Trying to work smarter (remember how I used the grill fork in place of chopsticks?), I knew that I could not reach my arm all the way to my elbow down into the burning hot sink water to unplug the drain or gather the dishes out. So I found the tongs. And I painstakingly, one-handedly, pulled each stove grate out of the sink with tongs.

As the last grate came out, something happened with the giant crockpot that was also soaking. Something science-y. Water displacement? I don't know, but I'm sure that Bill Nye has a super interesting lesson on it somewhere. The crockpot started to shift, and with it, came massive bubbles. Giant, hot, soapy bubbles are now BILLOWING over the top of the sink. It's Pompeii up in here now.

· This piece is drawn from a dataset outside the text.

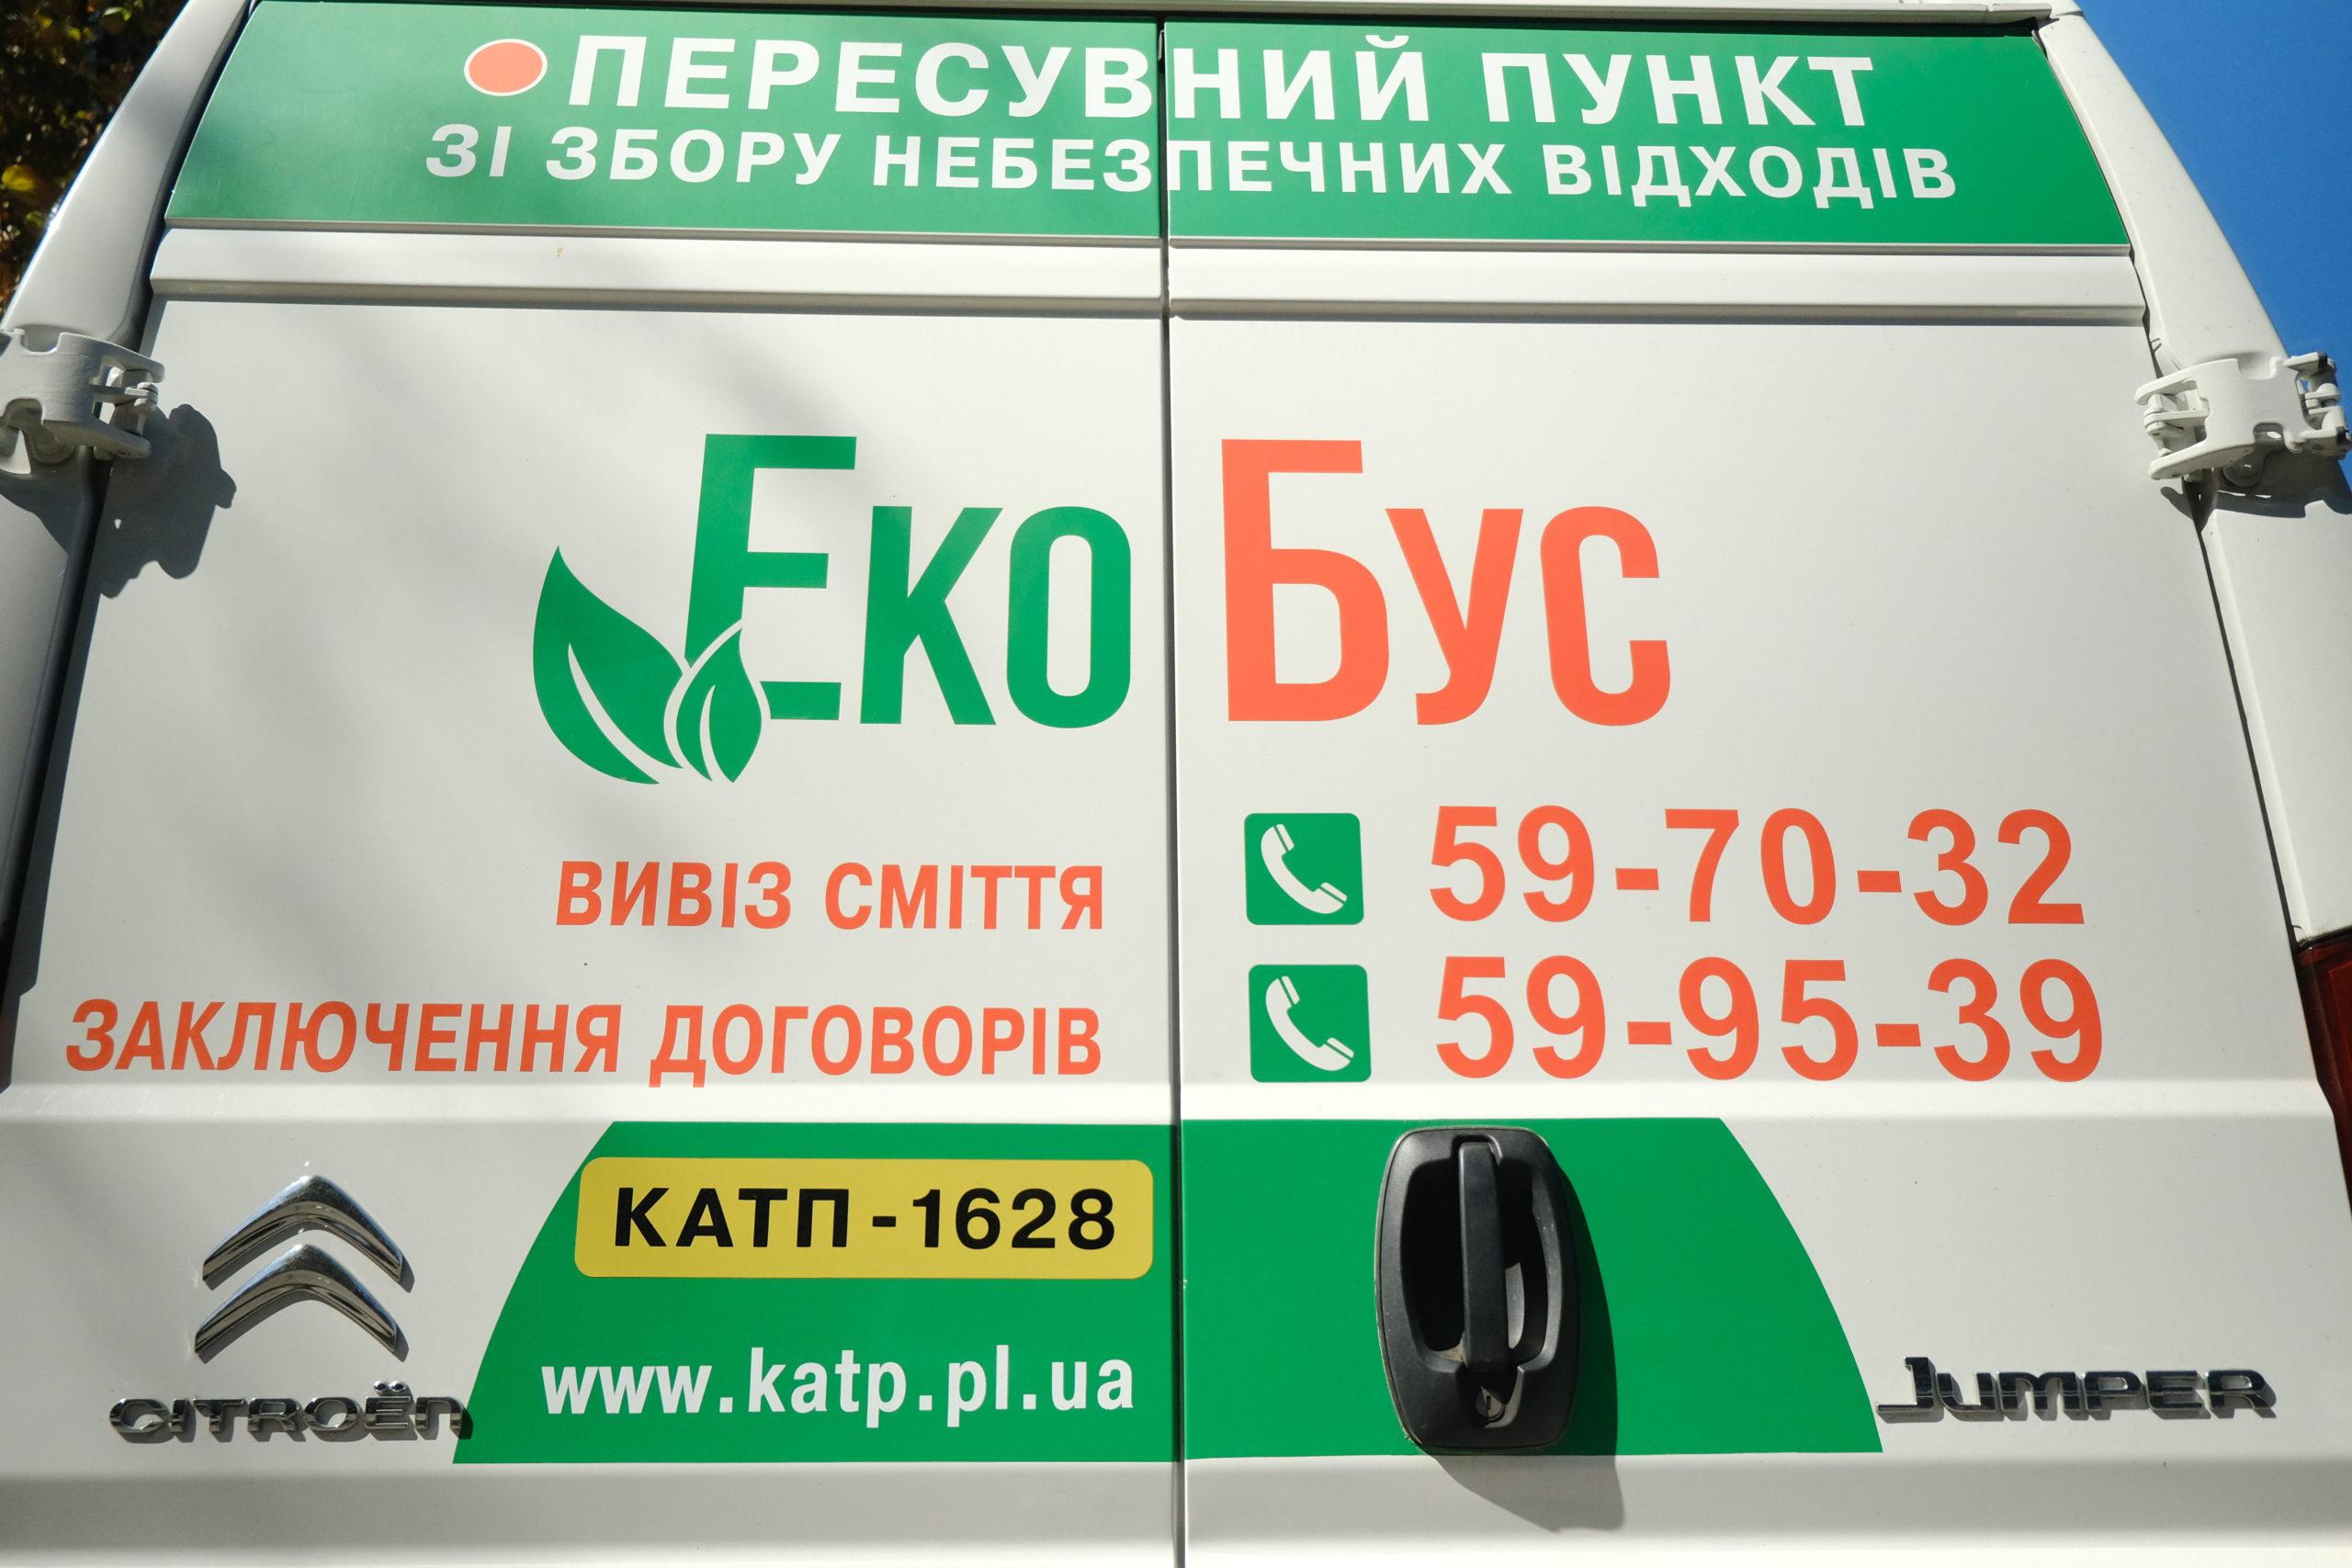 Екобус Полтава
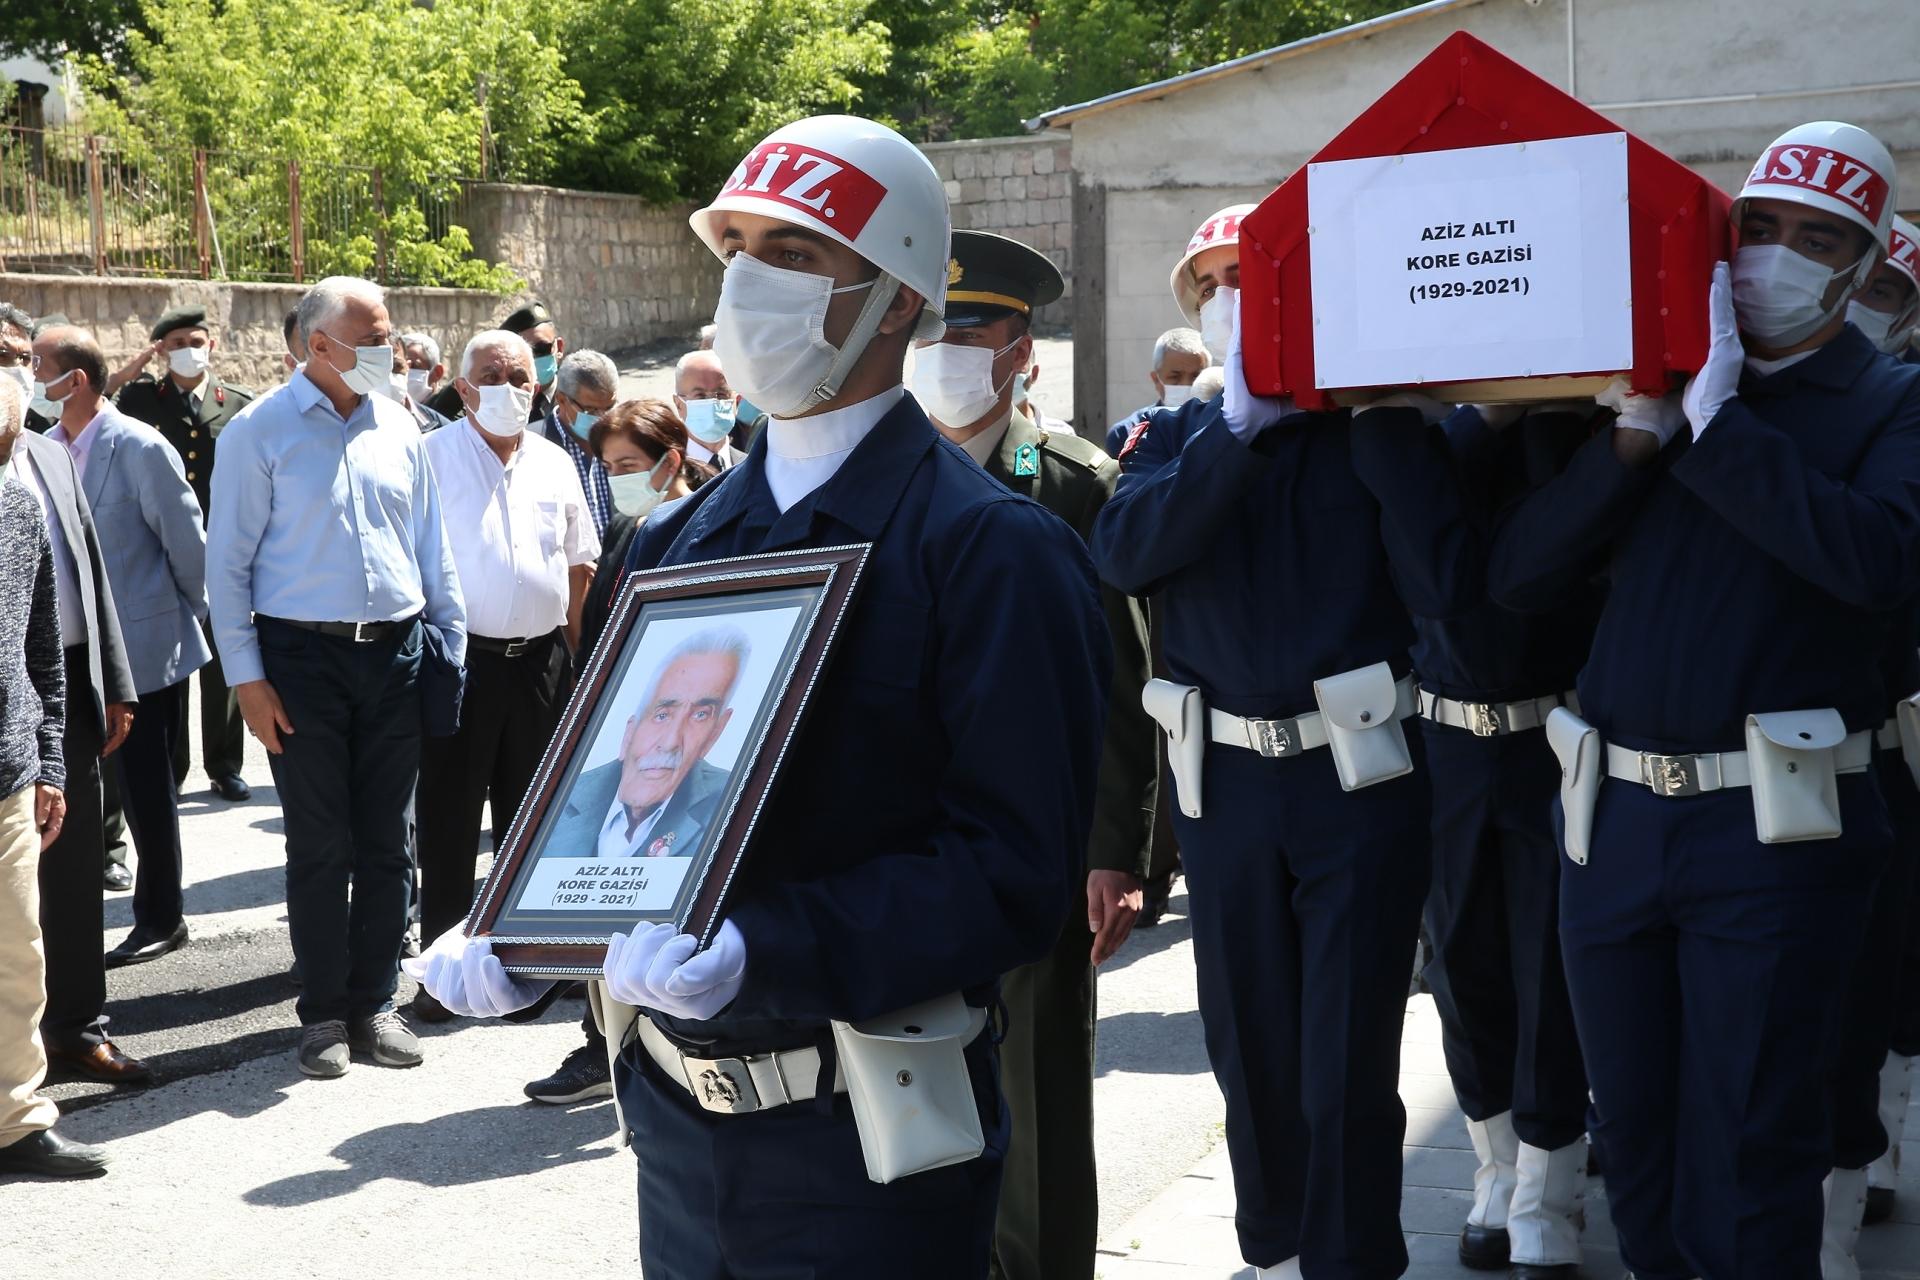 Başkan Büyükkılıç'tan Kore Gazisi'ne Son Görev

Thinking that maybe if I start the garbage disposal, the suction might displace the plug (I don't know?!), I quickly turned it on, but heard the only sound in the world worse than a toddler being left unattended with a drumset; the screeching and grinding of some utensil stuck in the garbage disposal. So, that didn't work.

Neither did using the oven mitt. Or the snow shoveling gloves. And I dropped the tongs. 

Left with no other choice, and time not on my side, I gathered up that superhuman strength you hear about when mothers lift cars off their kids, and I stuck my one good hand into the erupting volcano of hot, sudsy water, and retrieved the plug. Mercifully, the water drained. And my husband didn't swing by for lunch in the midst of the ship quite literally sinking.

When he gets home tonight and asks me how my day was, I will be able to truthfully report the following: Lincoln pooped on the potty, I can feel my fingers again, I fixed the garbage disposal, and I mopped the kitchen floor. The rest of this little adventure stays between us, mmmkay?